Je pourrai vous raconter la tragédie de l’un de mes meilleurs amis de lycée, Apenyo A., un jeune homme si travailleur, si ambitieux, mais qui, désespéré après ses inexplicables échecs à l’université, s’était reconverti en conducteur de taxi-moto et enseignant vacataire d’école privée, avant de mourir l’année passée d’une maladie qu’il n’avait pas eu les moyens de guérir. Et la démence de cette femme quinquagénaire qu’on m’a montrée dans une banlieue de Tsévié en 2012, qui erre, comme une folle, chaque jour, prononçant le nom de son fils tué à Lomé pendant les violences postélectorales en 2005. Je pourrai, je pourrai… oui, je pourrai vous raconter l’histoire d’un jeune collégien de 12 ans, Anselme Sinandaré, sorti en bonne santé de chez lui un matin, et qu’on a rapporté, mort, lourd, à sa mère, tué par balles… Voilà, Monsieur le Premier ministre, le Togo des Togolais. Le Togo dont vous, votre clan et vos valets n’aimez pas qu’on parle dans les médias. Le Togo devenu cauchemar pour les Togolais.

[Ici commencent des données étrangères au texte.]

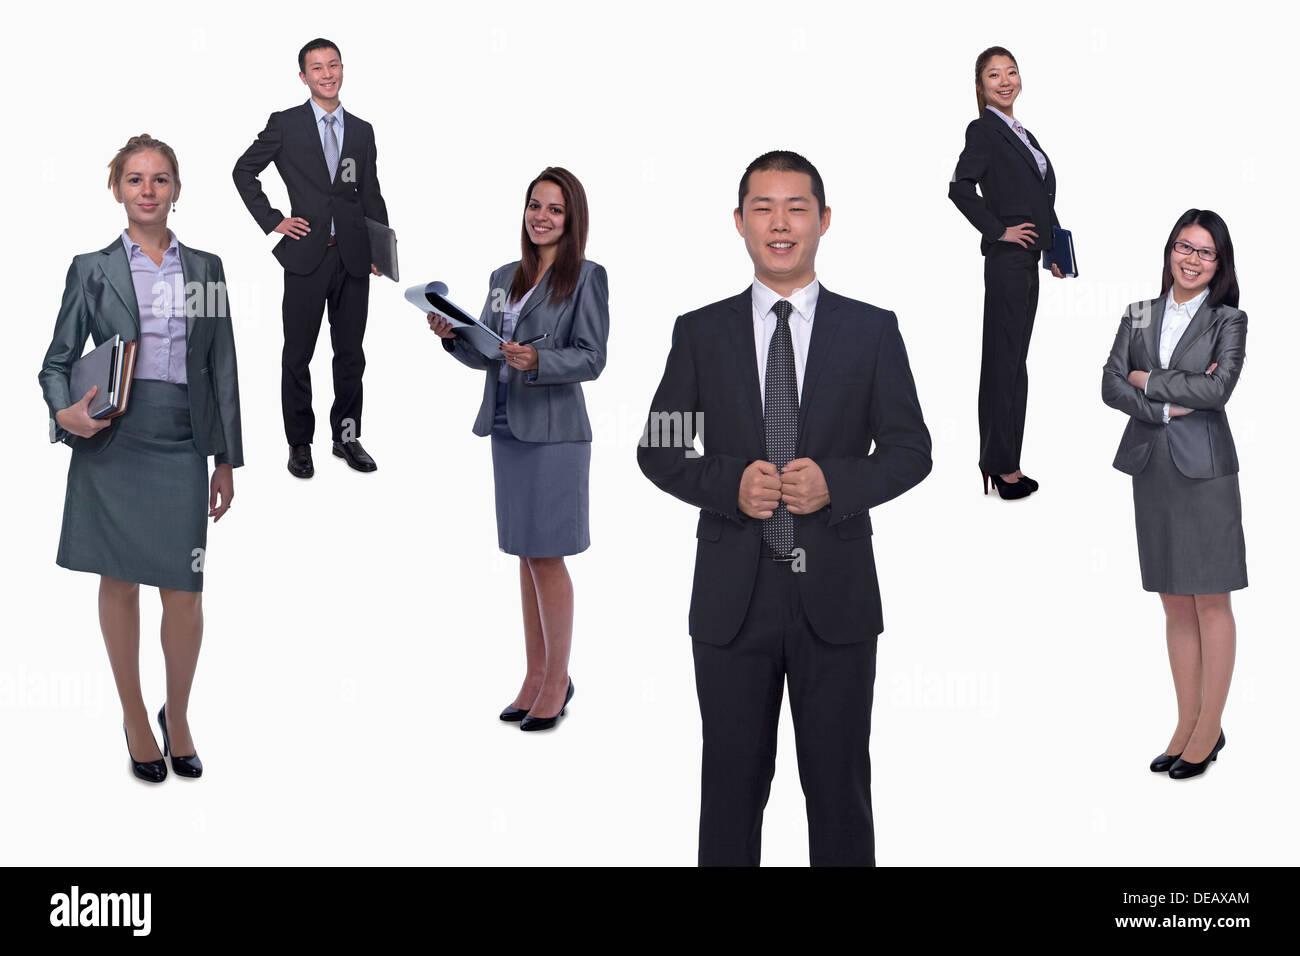 Medium group of smiling business people, portrait, full length, studio shot - Stock Image
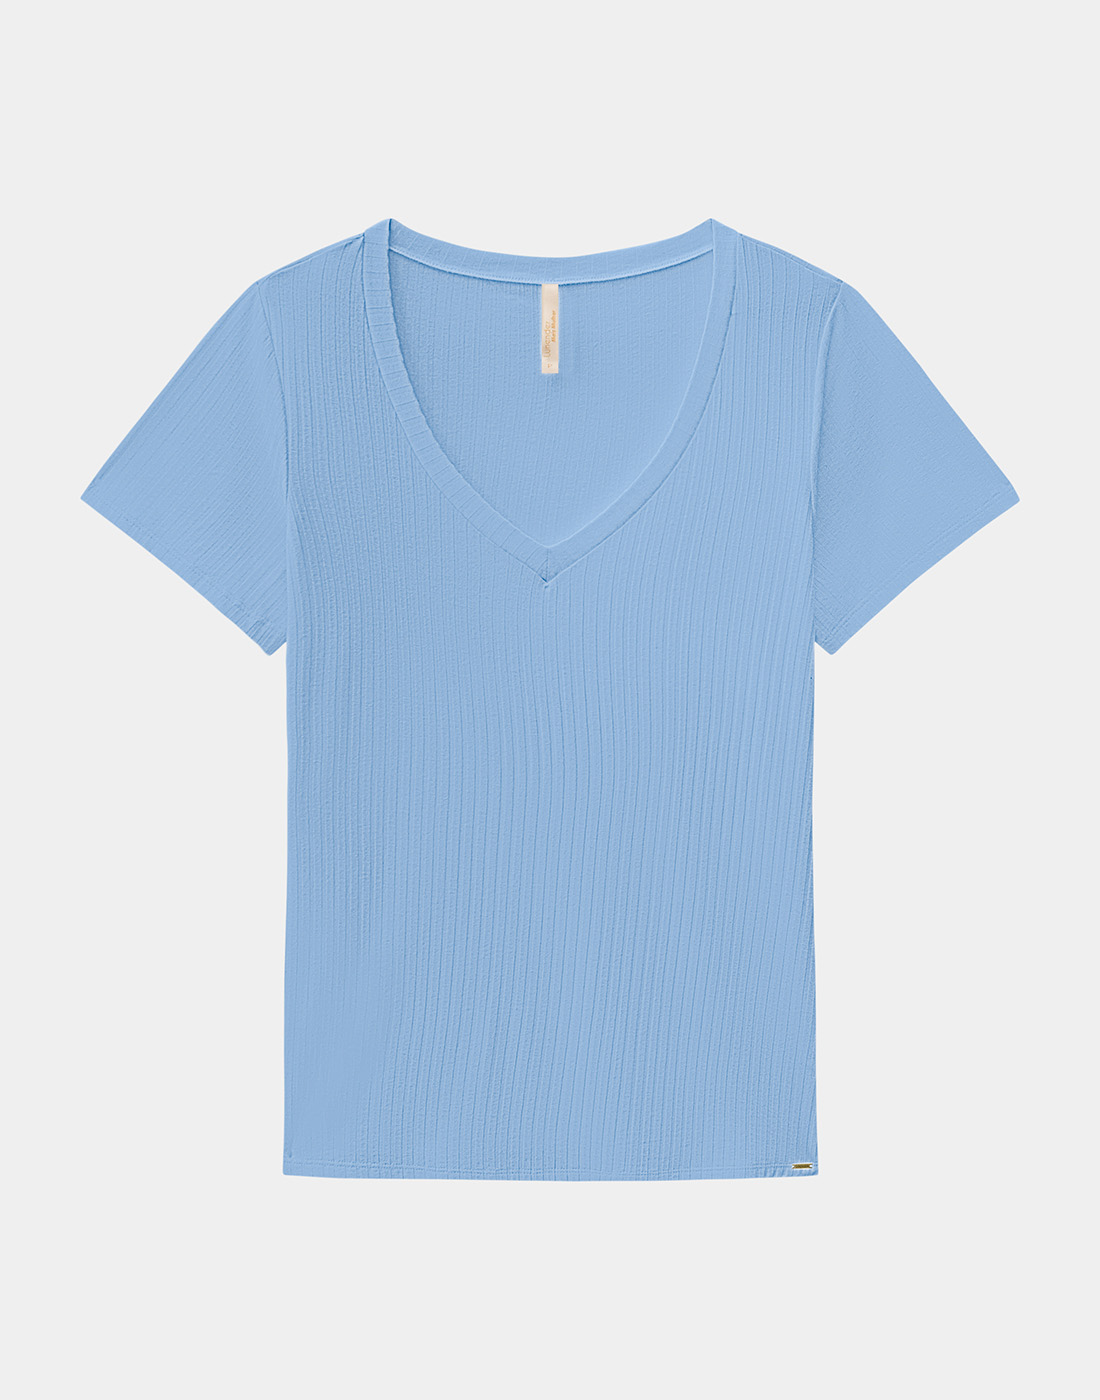 Blusa Básica Plus Size Malha Canelada Lunender Mais Mulher

Monsieur le Premier ministre, j’ai lu dans votre curriculum-vitae que vous avez travaillé pendant de longues années dans la Commission des droits de l’homme. Et permettez-moi de vous dire que pour l’ancien militant des droits de l’homme que vous êtes, faire quatre mois sans avoir pu mener des enquêtes sur la mort d’un enfant tué devant des milliers d’yeux, c’est, c’est… c’est quoi déjà, hein ! De la mauvaise foi. La vraie. Et son fantôme vous poursuit, parce que vous savez très bien que dans nos coutumes on ne fait pas de fausses promesses sur un cadavre. A vous de voir très vite, sinon, vous serez très bientôt contraint de chanter cet air des chanteurs de Kini Gazo : « J’ai péché contre grand-père python, j’ai péché contre grand-père python, grand-père python ne mord pas, mais grand-père python m’a mordu, je suis foutu loooooooooooooooooooo ! »

 Bien Cordialement

Yao David Kpelly

PS : Ah, Monsieur le Premier ministre, aux dernières nouvelles, j’ai appris que vous allez bientôt démissionner, c’est-à-dire que vous déciderez de ne plus être Premier ministre, ou, disons plutôt qu’on vous fera décider de ne plus être Premier ministre, puisque votre mandat est fini avec les législatives. Ne vous inquiétez surtout pas, nous avons un contrat de douze lettres, et je le remplirai, avant d’en faire un livre, comme nous l’avons décidé. Je ne sais pas quel poste vous occuperez après, mais je parie que vous demeurerez toujours un quelqu’un dans le quelque chose de notre pays. Mais pour moi, vous resterez toujours le Premier ministre qui a promis cette enquête, et je vous appellerai désormais dans les lettres « Ex-Premier ministre ». Au mois prochain donc, Monsieur le presque-ex-premier-ministre.